• _Exercise brief_
Line by line, give the data again exactly as it appears, but without pictures.

── Source data ──

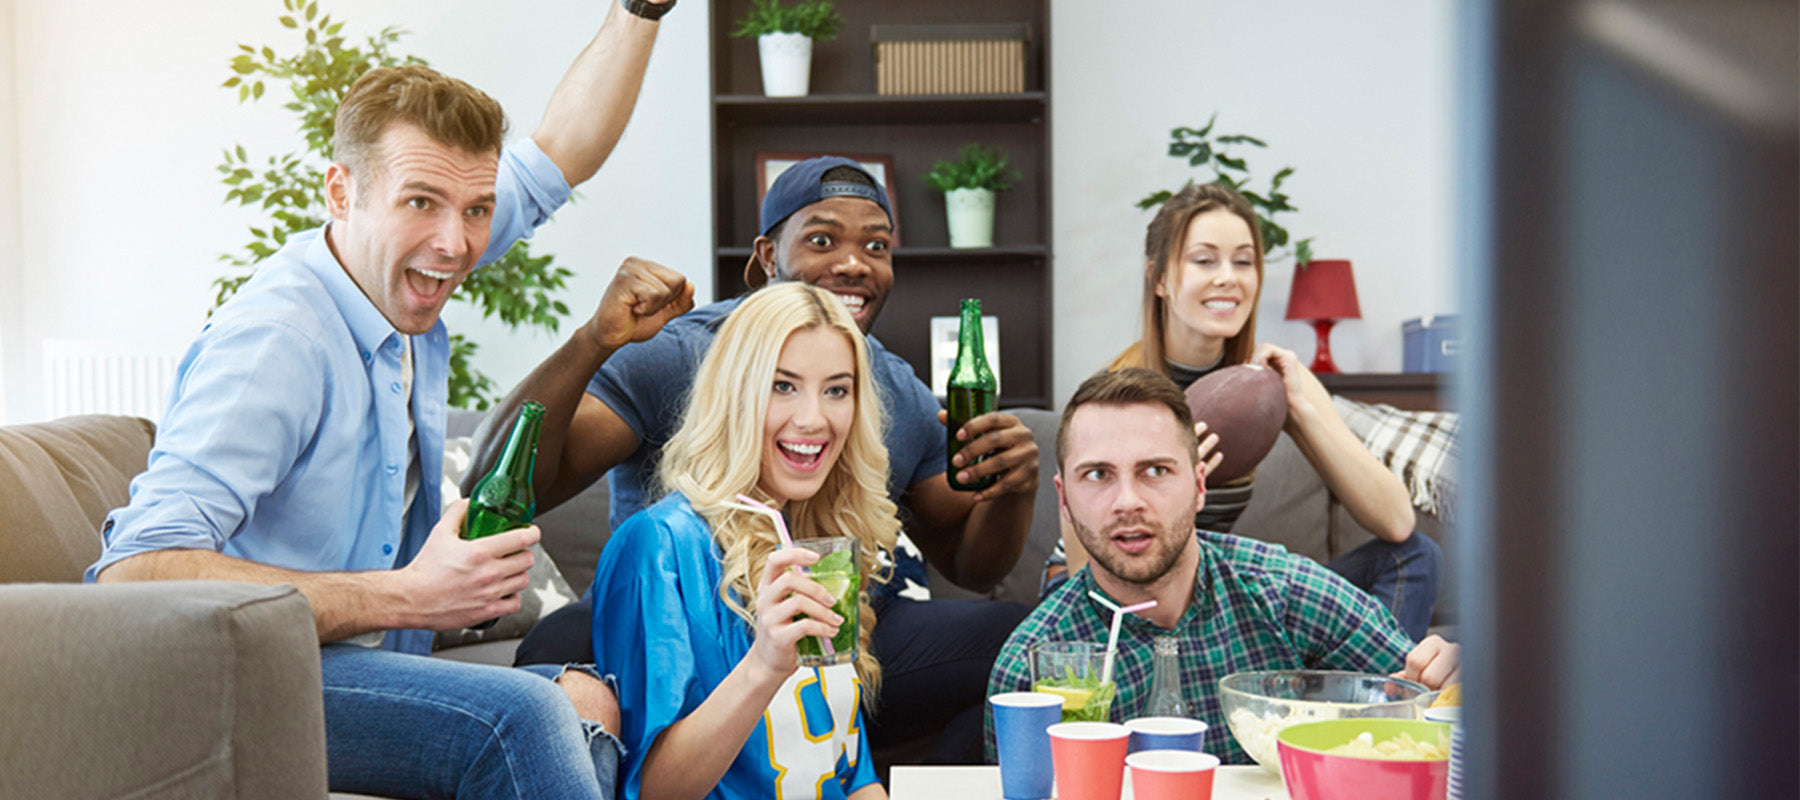 Getting Ready for the Big Game | Football Party Tips from Urban Transit
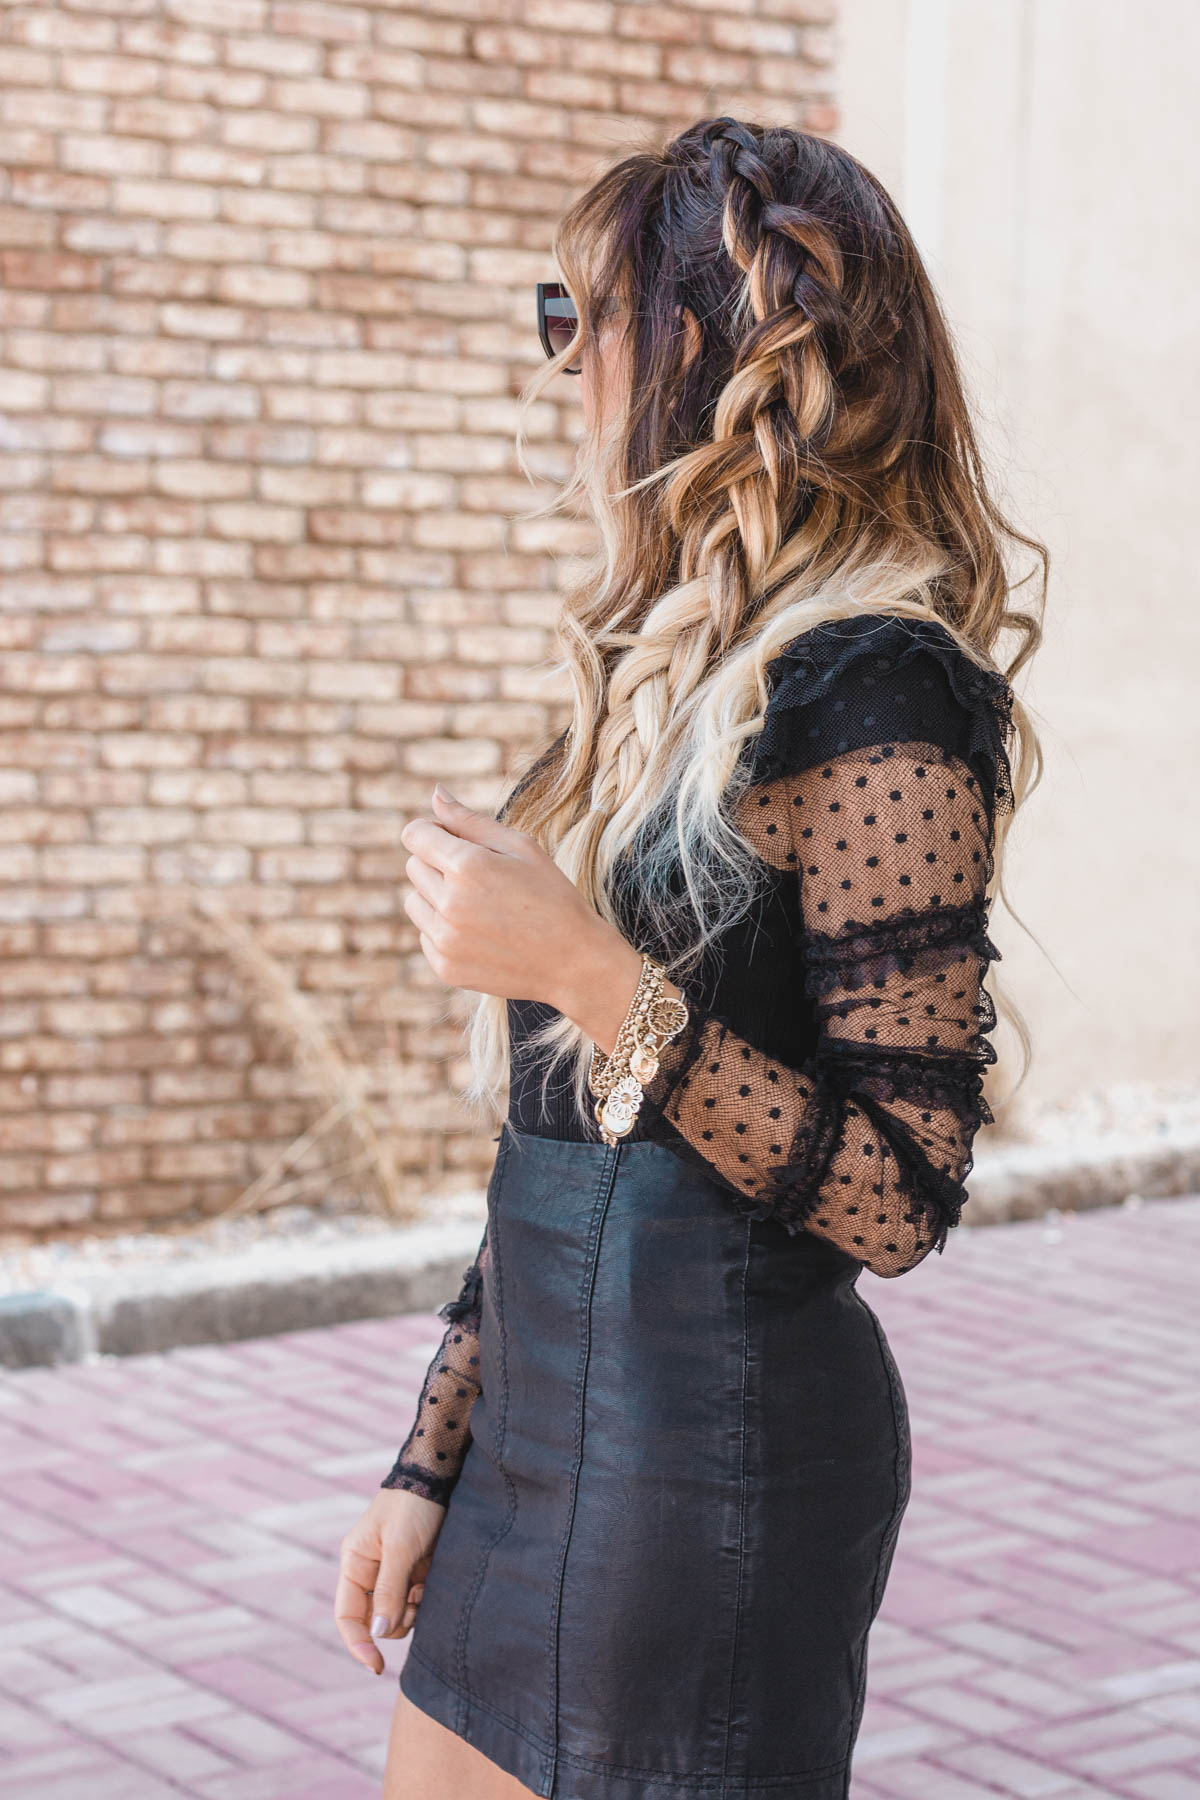 How to Style All Black for Holiday - All Black Outfit 
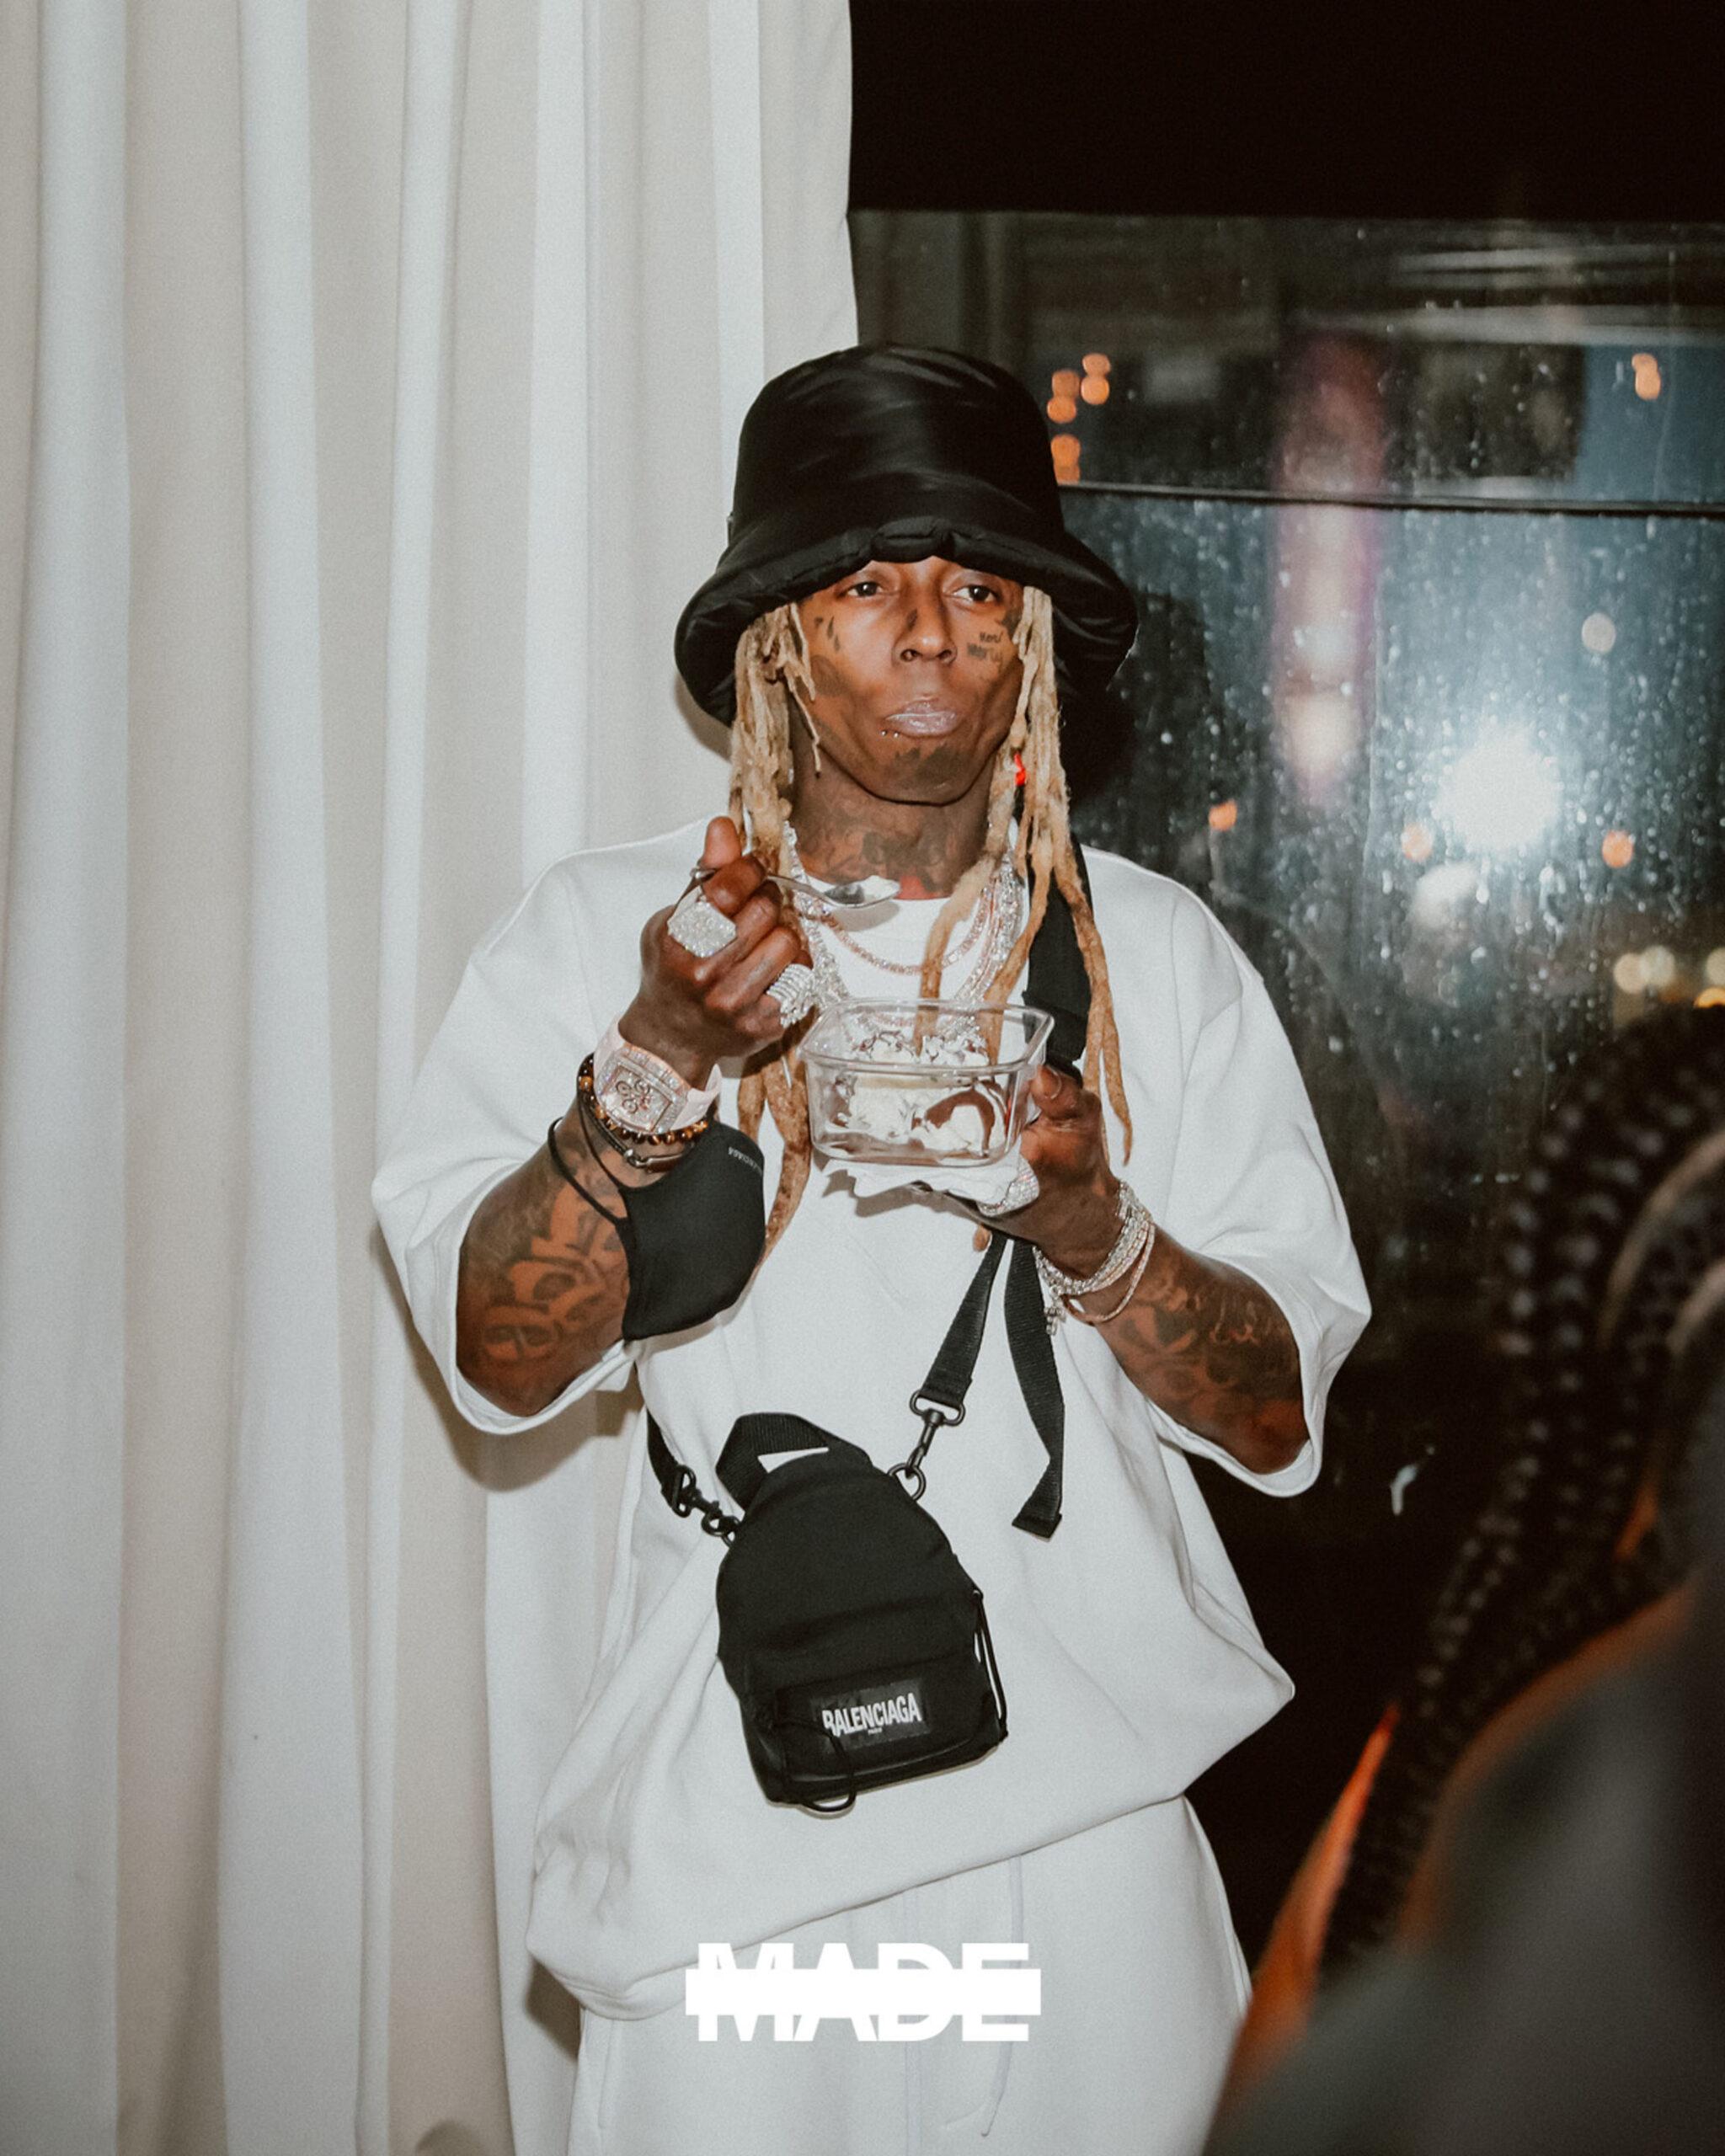 Winnie Harlow and Lil Wayne party together as they join 2 Chainz and Trey Songz at Saadiq by Made Nightlife

───

• _Solution to this problem_
 Getting Ready for the Big Game | Football Party Tips from Urban Transit
 How to Style All Black for Holiday - All Black Outfit 
 Winnie Harlow and Lil Wayne party together as they join 2 Chainz and Trey Songz at Saadiq by Made Nightlife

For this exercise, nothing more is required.